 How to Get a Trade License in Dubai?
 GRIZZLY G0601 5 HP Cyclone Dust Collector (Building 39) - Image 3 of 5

········

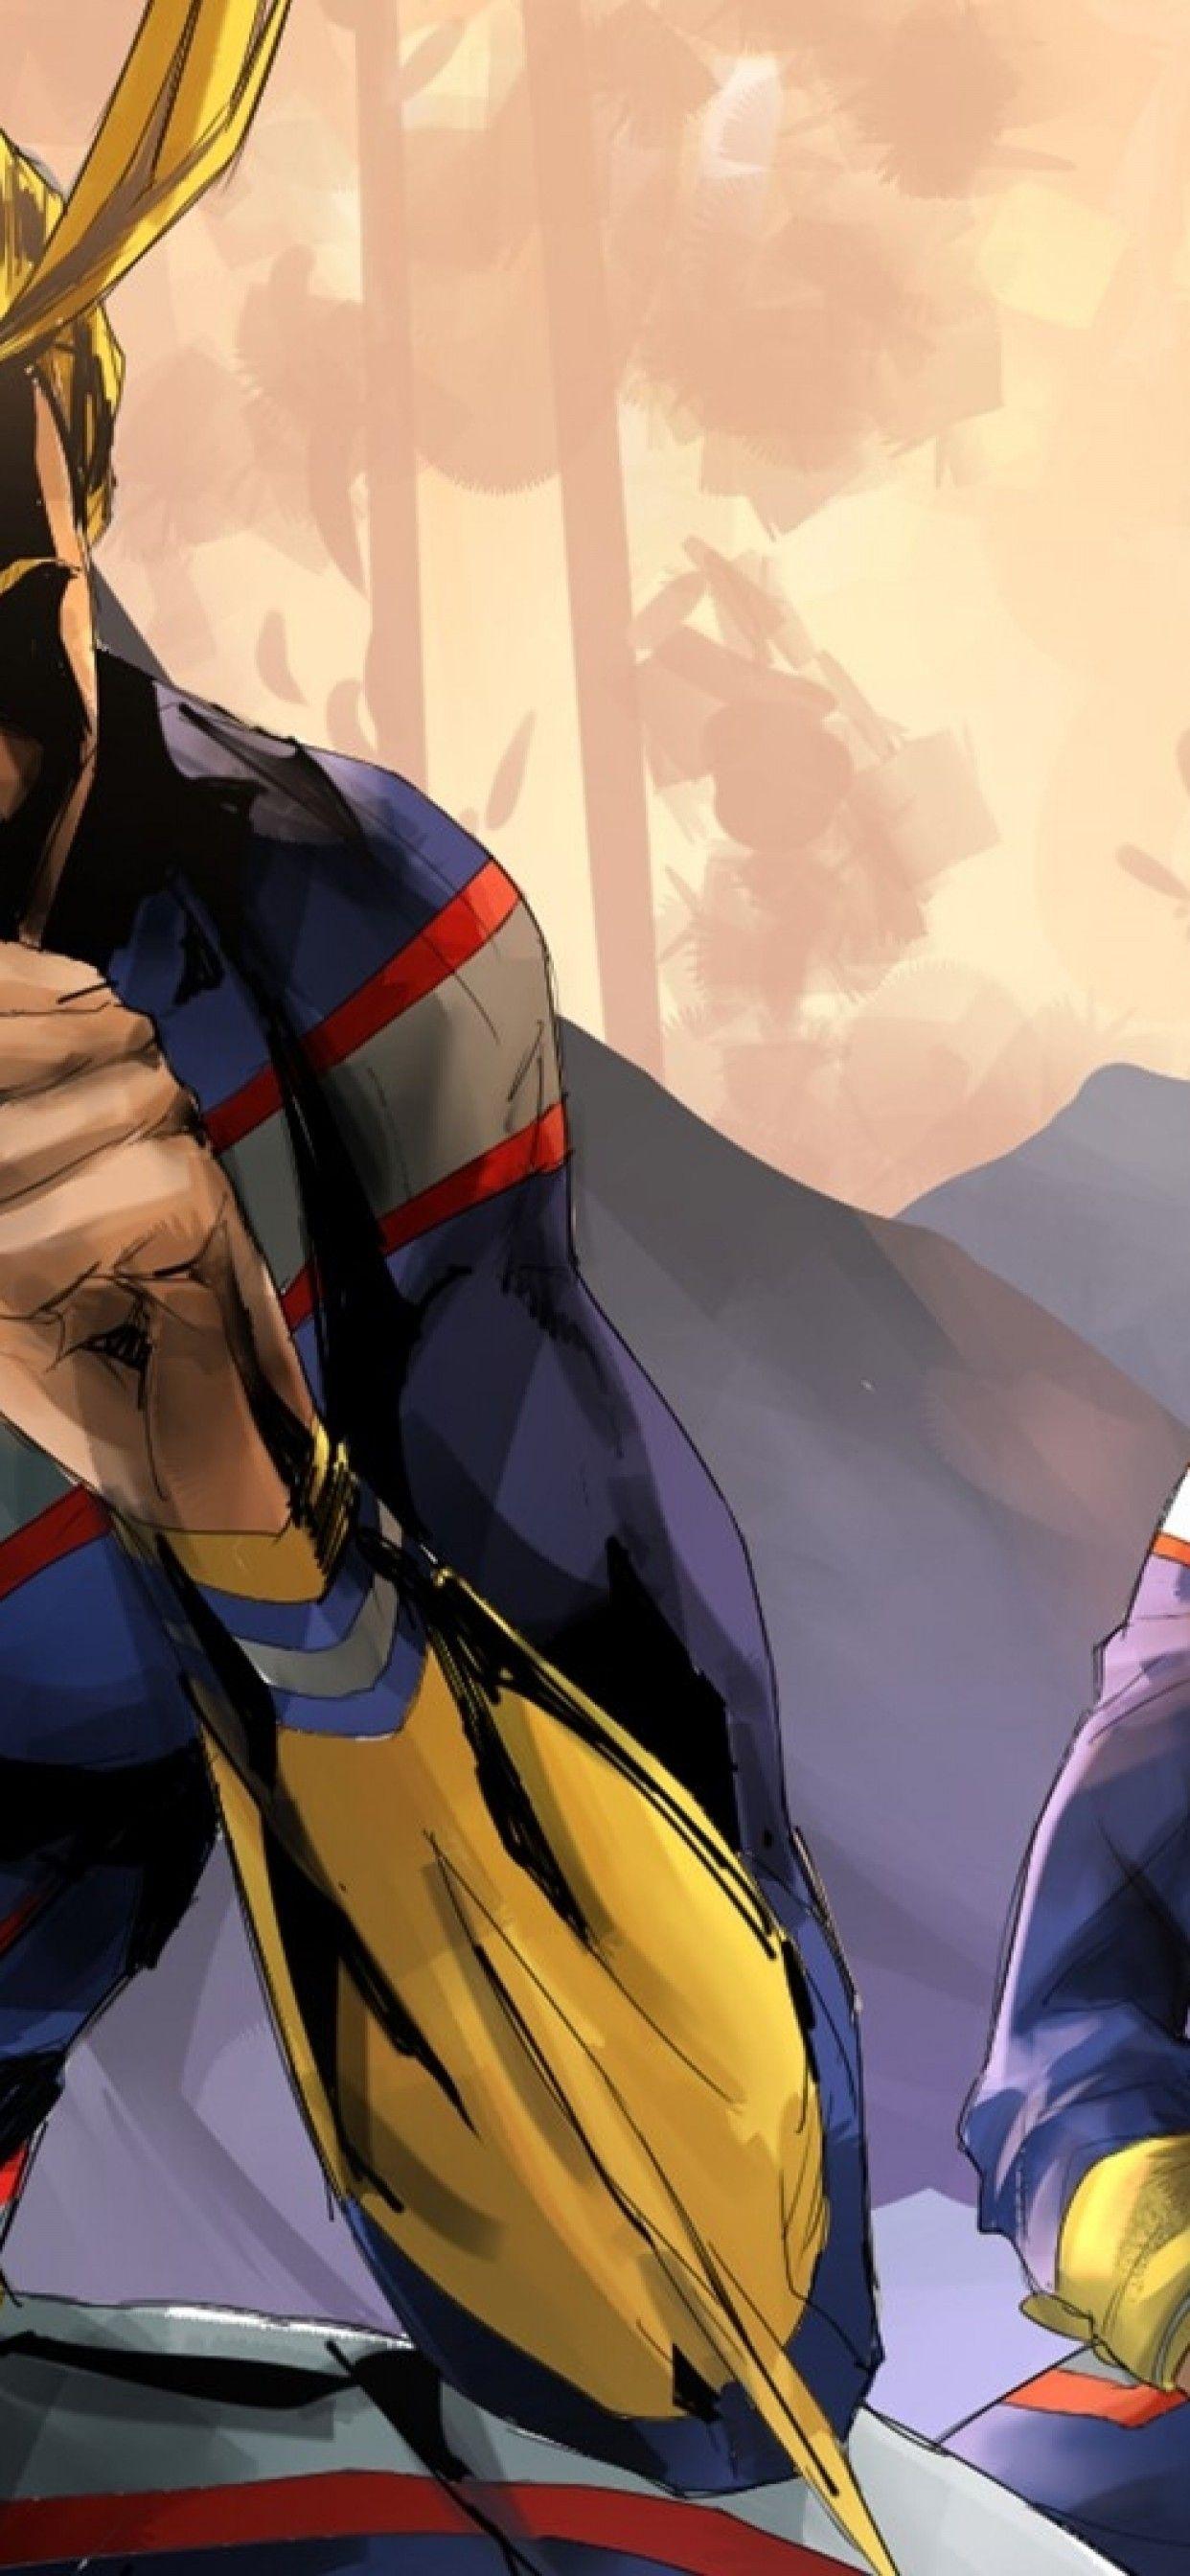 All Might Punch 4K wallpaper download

········

▸ Exercise description: Set down, exactly as they stand above, the lines starting with the line with "How to Get a Trade License in Dubai?" and going on through the line with "GRIZZLY G0601 5", and no others.

▸ Answer to the problem:
 How to Get a Trade License in Dubai?
 GRIZZLY G0601 5 HP Cyclone Dust Collector (Building 39) - Image 3 of 5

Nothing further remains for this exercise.